Q. A lot of the top players are not here. Do you have the mindset that maybe "I should win this tournament"?
ANGELA STANFORD: Well, somebody had said that to me earlier, and it's a new week, a new golf course. I'm having to deal with new expectations. Every week is different; the feeling you have toward the golf tournament, the feeling you have on the golf course. There are so many factors, and I'm just going to approach this golf tournament like I have every other golf tournament. It's hard, because I notice today out there, I wasn't in focus. I'm still a little bit tired. I'm learning how to do this, learning what it means to win out here and how to do it week to week.
I think about like Annika and the people that win over and over and over and, I think they're great players, but I think they're great because they can do it over and over and over. That's very hard. I'm drained after -- I was drained, and to think the people get up the next week and win again, that's amazing. I think that's what makes a great golfer really stand out from the rest. Or Julie or anybody else.
Q. You talked about your expectations and that's why you hit balls for all those years. How has it changed, and how has it affected you?
ANGELA STANFORD: I don't know if I've changed much. I think the perception of me has changed a little bit. I'm still the same person that can do the same things. I feel like I could win again. I think people are starting to notice a little bit. People close to me have always thought that that was going to happen. It's just a whole timing thing, when is it going to happen.

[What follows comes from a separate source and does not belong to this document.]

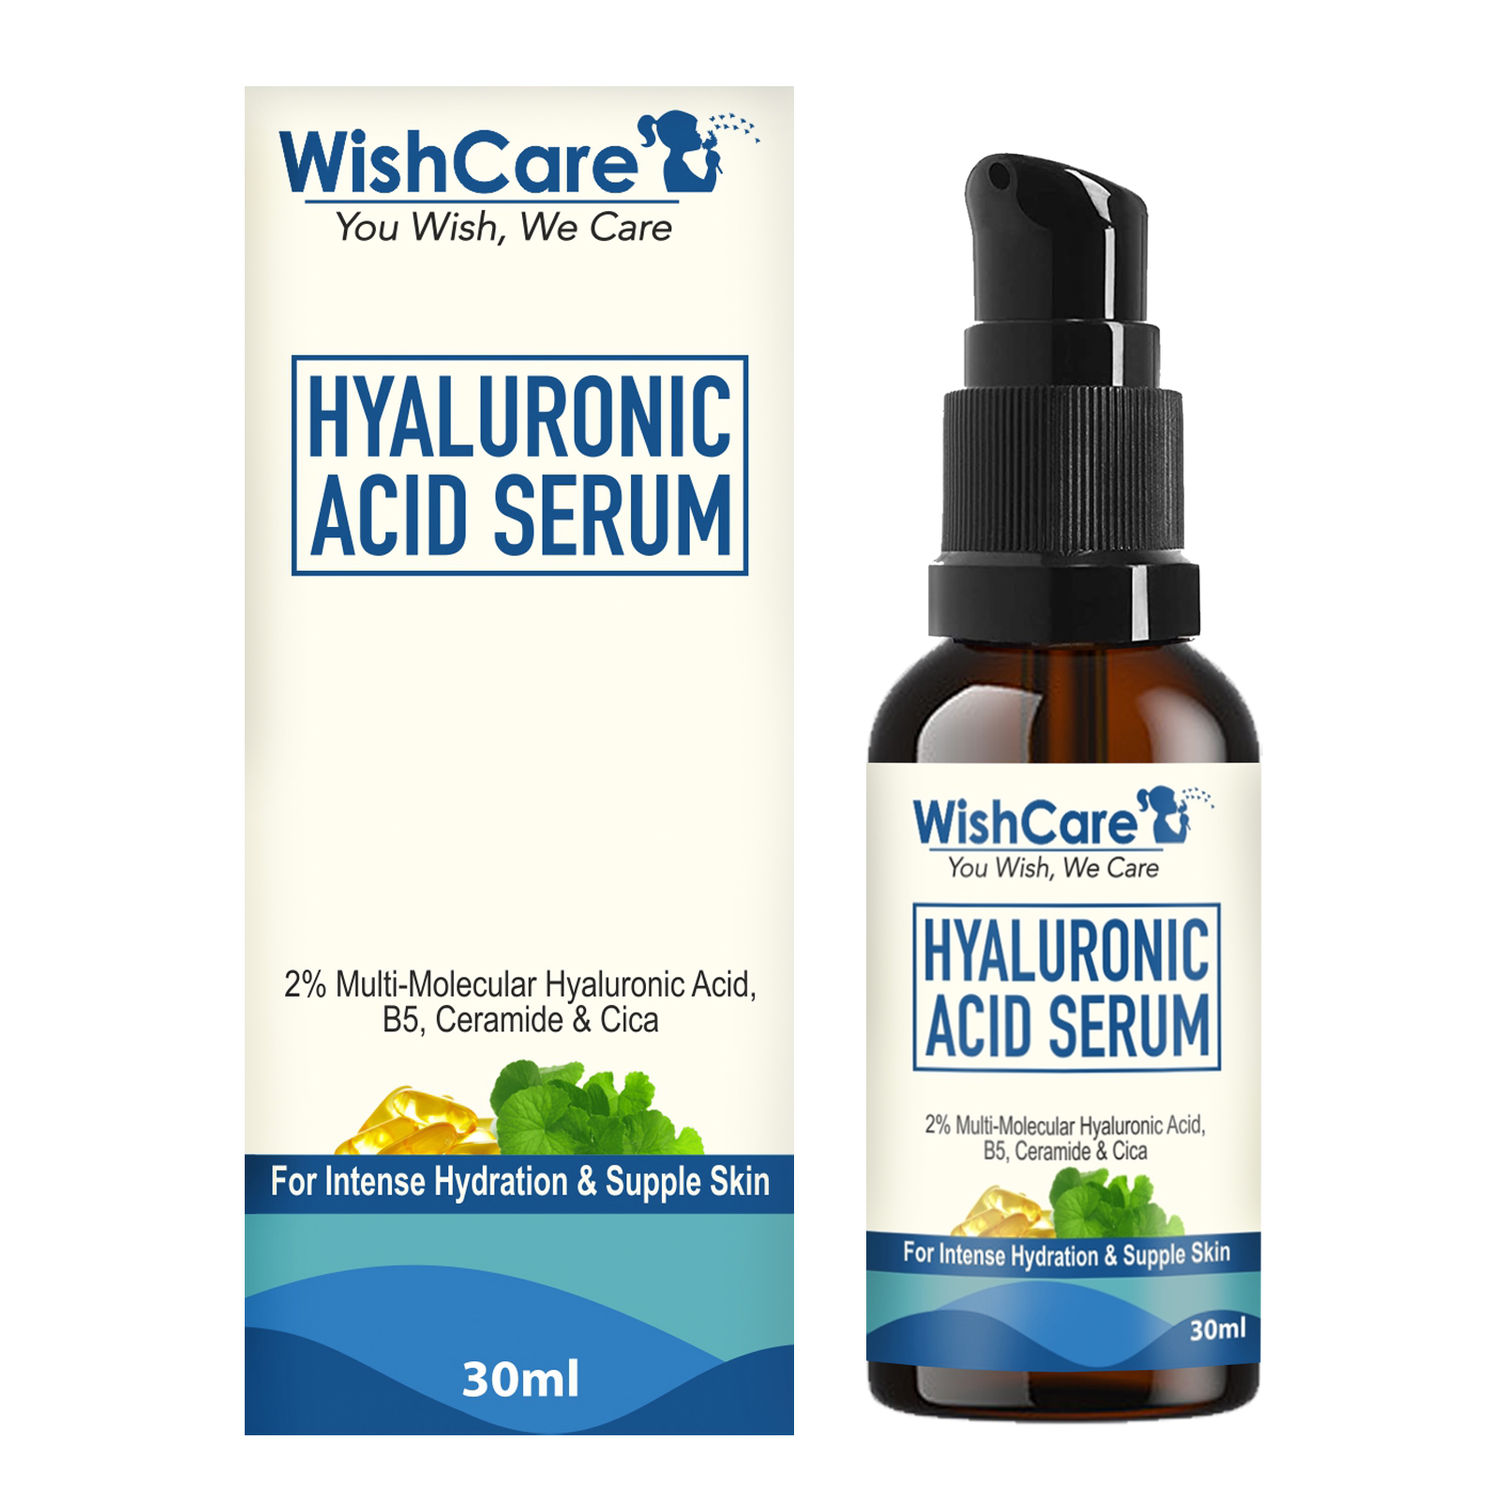 Buy WishCare Hyaluronic Acid Serum with CICA, Ceramide & B5 - Multi-Molecular Hyaluronic Acid Serum - Purplle

I think I put all the expectations on me, and all of the pressure comes from me. I know what I'm capable of. All of the expectations from the outside world or media or whatever, that doesn't really phase me. I know those are my expectations too, so it's about the same.
Q. When you talk about you're amazed how people can do it week after week after week. When this year is over, will you have to sit back and analyze what you're going to say, well, maybe I have to get on a training program or something just to keep up? Is that an alternative when the year is over?
ANGELA STANFORD: I think so. I started the off-season working with a personal trainer at home and felt like I kept my fitness program up throughout the year until just recently. There are so many other demands when I start being really competitive in tournaments. I've noticed it takes longer to get from the locker room to the driving range and to the putting green. Just more autographs and stuff like that. Time becomes a factor. I need to get back on my fitness, but I think that's huge. I think people that have a fitness program and work out are mentally stronger than anyone else. You push yourself in the weight room, on the treadmill. Then you get out here and you're used to that mentally.
MODERATOR: Any other questions? We're done. Thank you.